Segment Start: STORED DATA

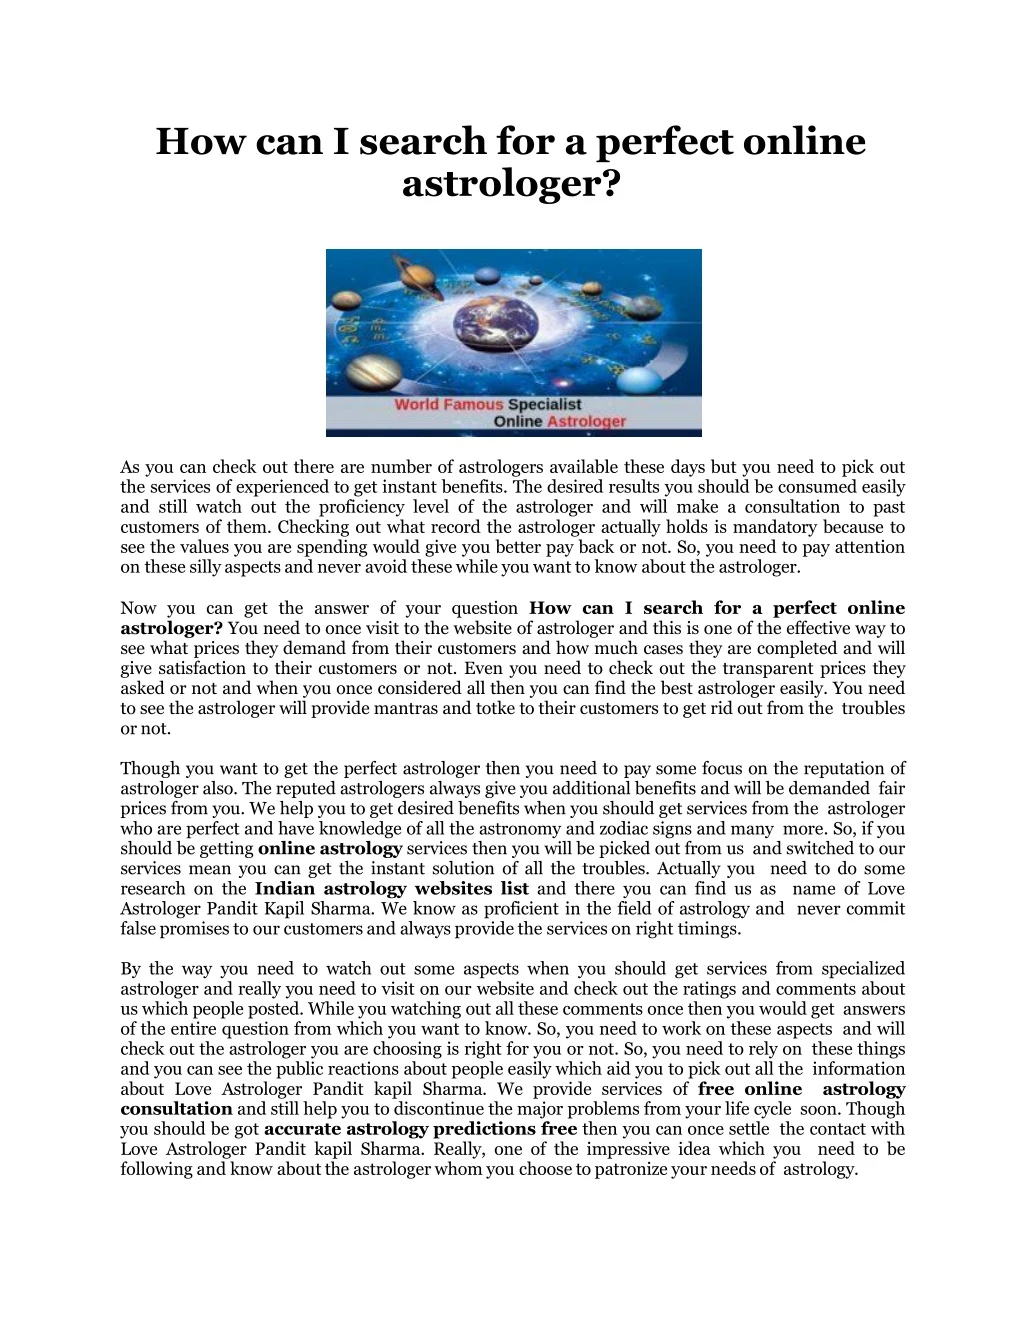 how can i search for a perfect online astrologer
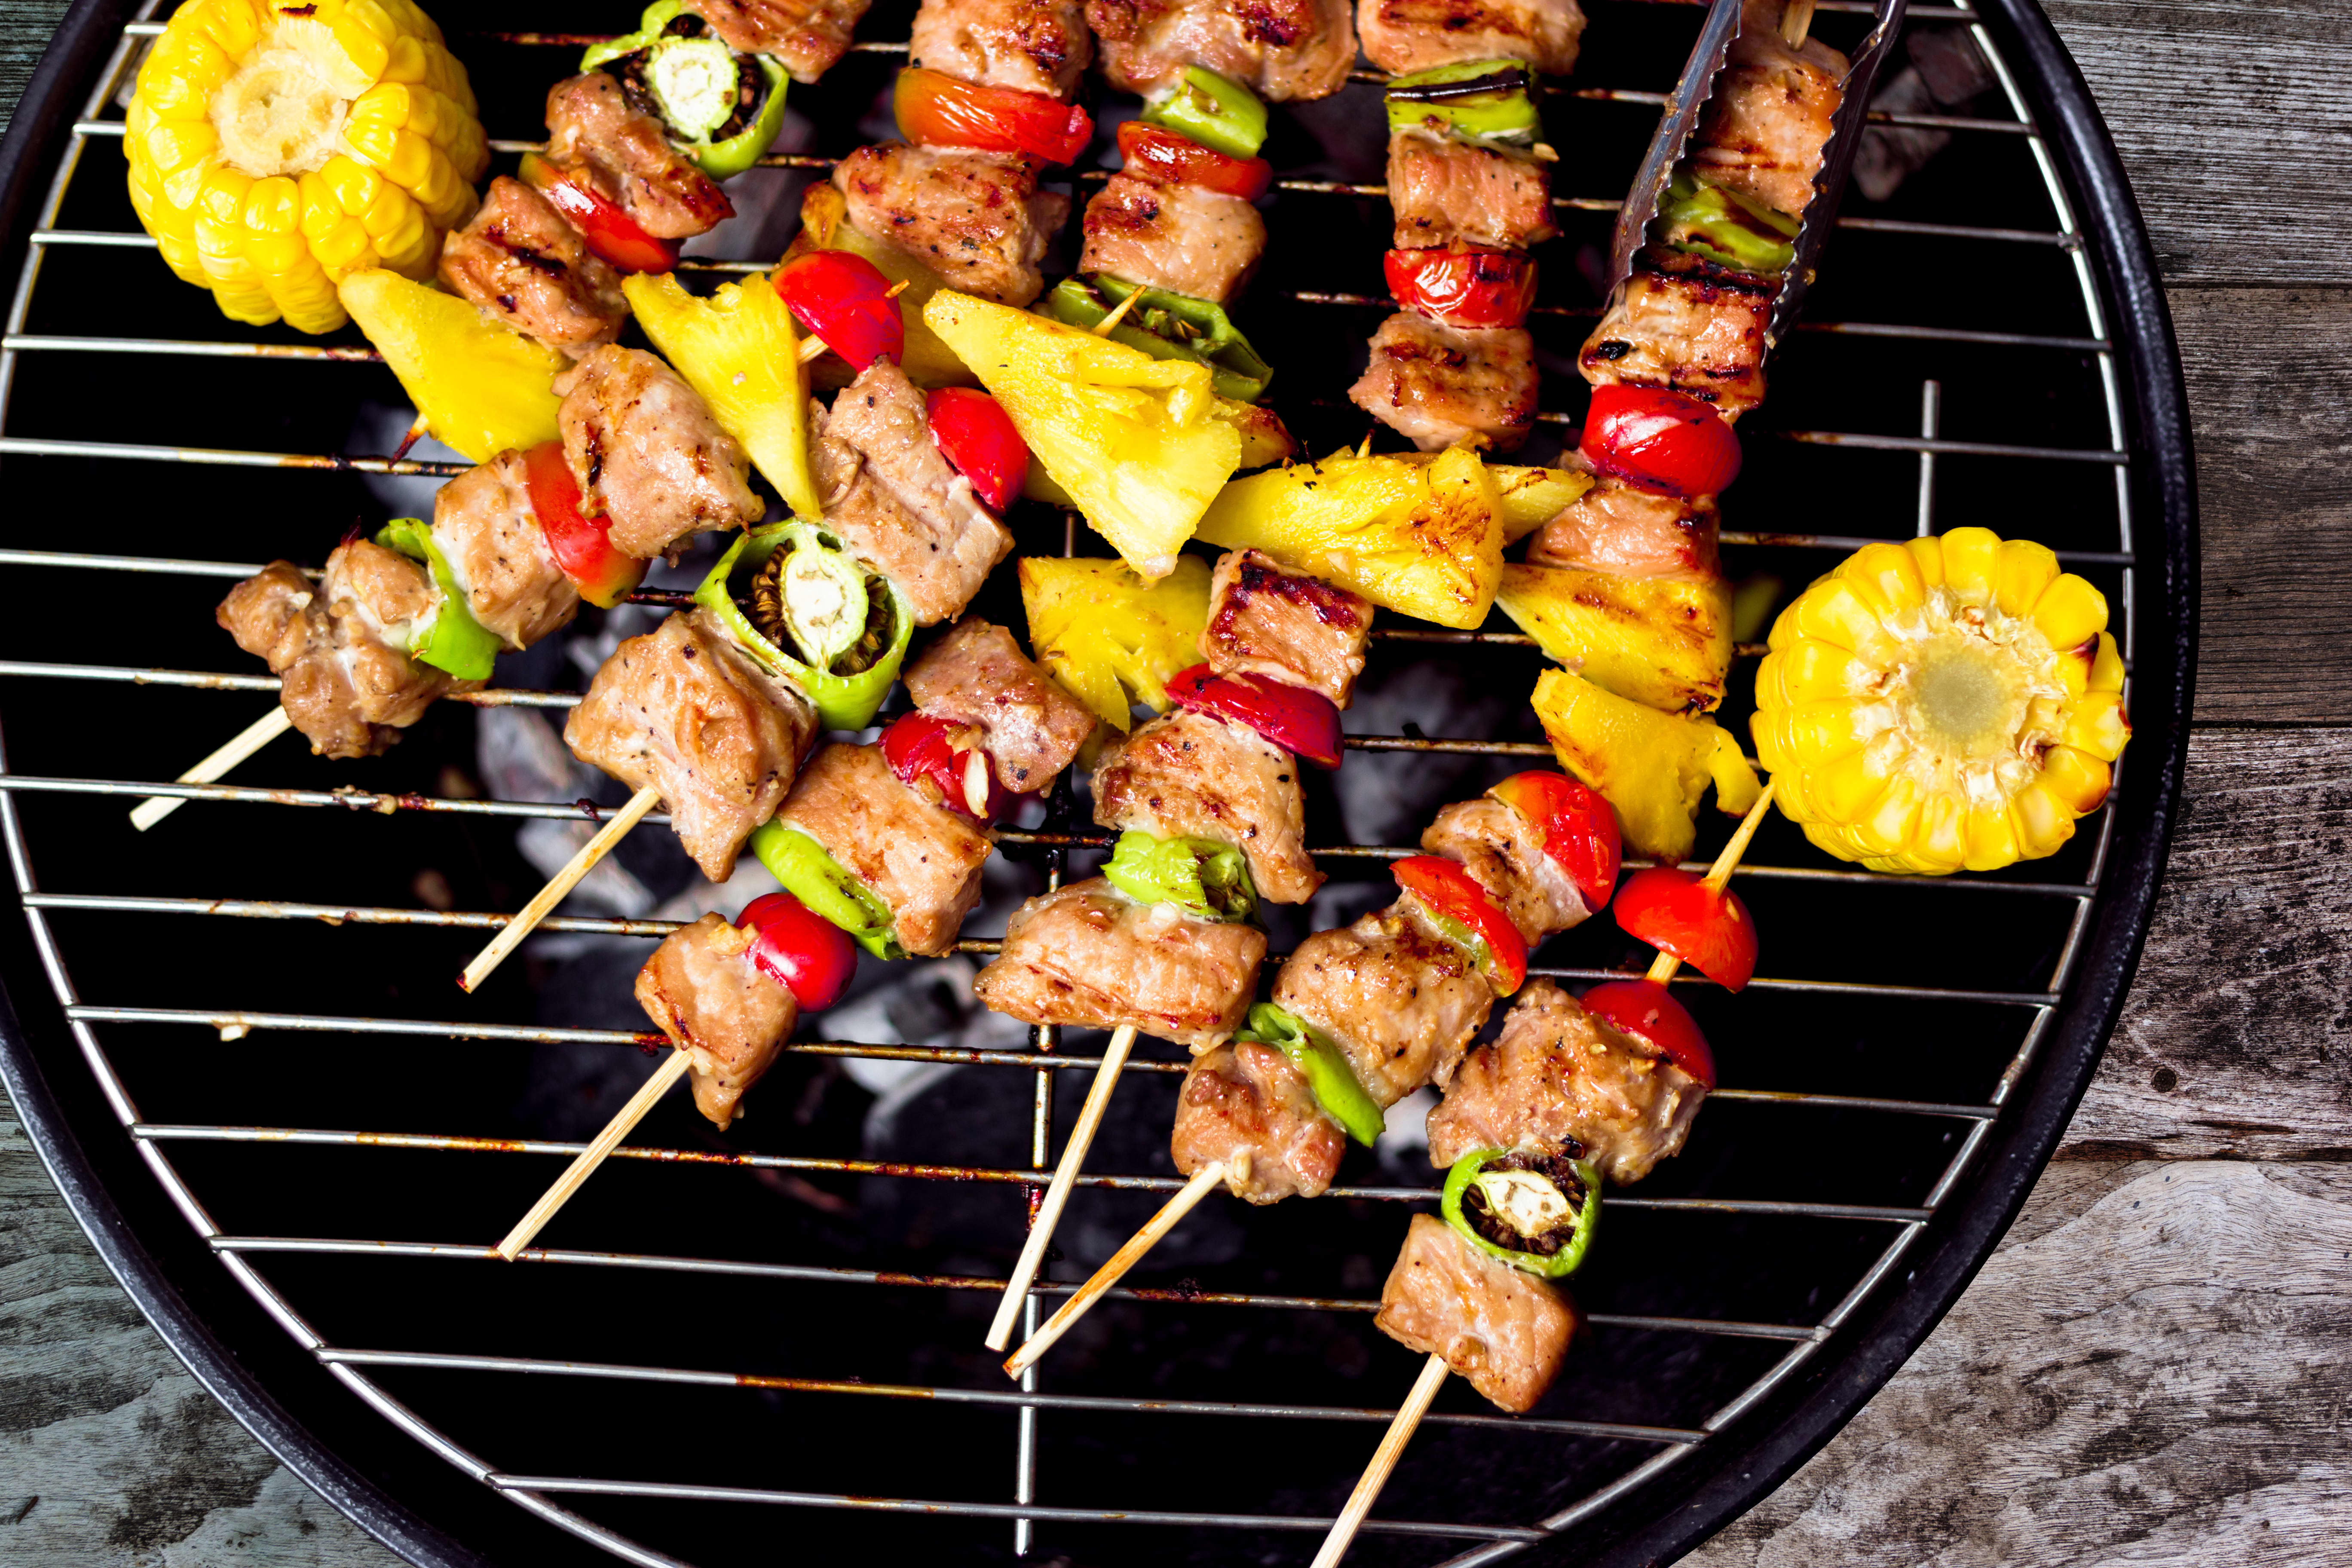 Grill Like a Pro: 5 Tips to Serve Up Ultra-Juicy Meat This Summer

Segment End: STORED DATA
Segment Start: STORED DATA

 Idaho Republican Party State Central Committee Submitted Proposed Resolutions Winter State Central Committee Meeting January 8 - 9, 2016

Segment End: STORED DATA

GOAL OF THE EXERCISE →
In the entries above, find the line that contains "how can i search" and the line that contains "Grill Like a". Reproduce exactly those two lines and every line between them, but not the pictures.

ANSWER SPACE →
 how can i search for a perfect online astrologer
 Grill Like a Pro: 5 Tips to Serve Up Ultra-Juicy Meat This Summer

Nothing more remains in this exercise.